The novel tells the a contemporary story of the famous search for the "Holy Grail."  While lecturing in Paris, the symbologist Robert Langdon becomes involved with the murder of a famous curator at the Louvre.  Shortly before his death, he left a secret message to his grand-dauther, Sophie Neveu.  When Robert is accused of the murder, he and Sophie begin a chase across France to find out the truth about the death of Sophie's grand-father.  They quickly discover that the clues reveal the truth about a two-hundred year old mystery - and about the involvement of Sophie's family.

There were a lot of things that I really liked about this book:
     1.) Historical information - Throughout the story, are all kinds of facts about Western history and religion including Da Vinci's paintings, the legend of the holy grail, the portrayal of women, and Christianity.  I'm not sure how much was fact and how much was Brown's interpretation, but I enjoyed it none the less.
     2.) Paris - The novel was mostly set in Paris and the author used the scenery and well-known places throughout the book.  I spent two weeks in Paris a couple years ago, so it was really neat to remember all of the places the were mentioned in the book.  My aunt and cousins went right after right after the movie came out.  They not only saw it at a theater in Paris, but traced the route that Robert and Sophie turned out to be a really awesome scrapbook page!!
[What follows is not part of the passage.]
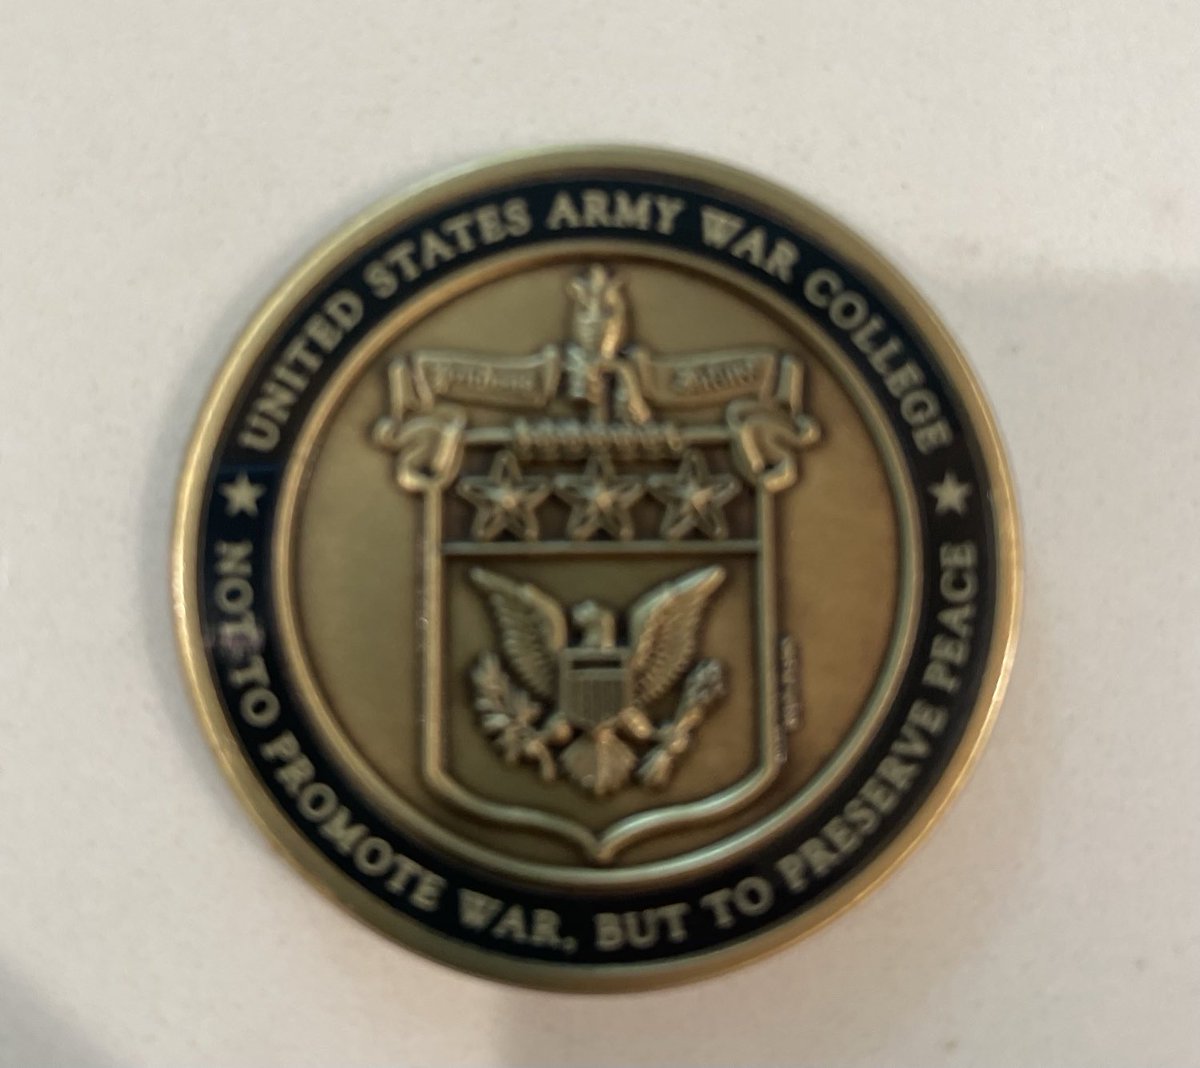 “Not to promote war, but to preserve peace” Much thanks to Army War College for hosting me today to talk AI and the future

     3.) Information literacy - This is going to sound really dorky, but I LOVED all of the research that was incorporate into the novel.  My favorite part was when Robert and Sophie visit the curator of a religious museum and search for articles in a database that will lead then to a tomb where a key item in solving the mystery of the holy grail is hidden.  I was super excited that they used actual research terminology like keywords, truncations, and proximity searching!!!

Definitely worth reading!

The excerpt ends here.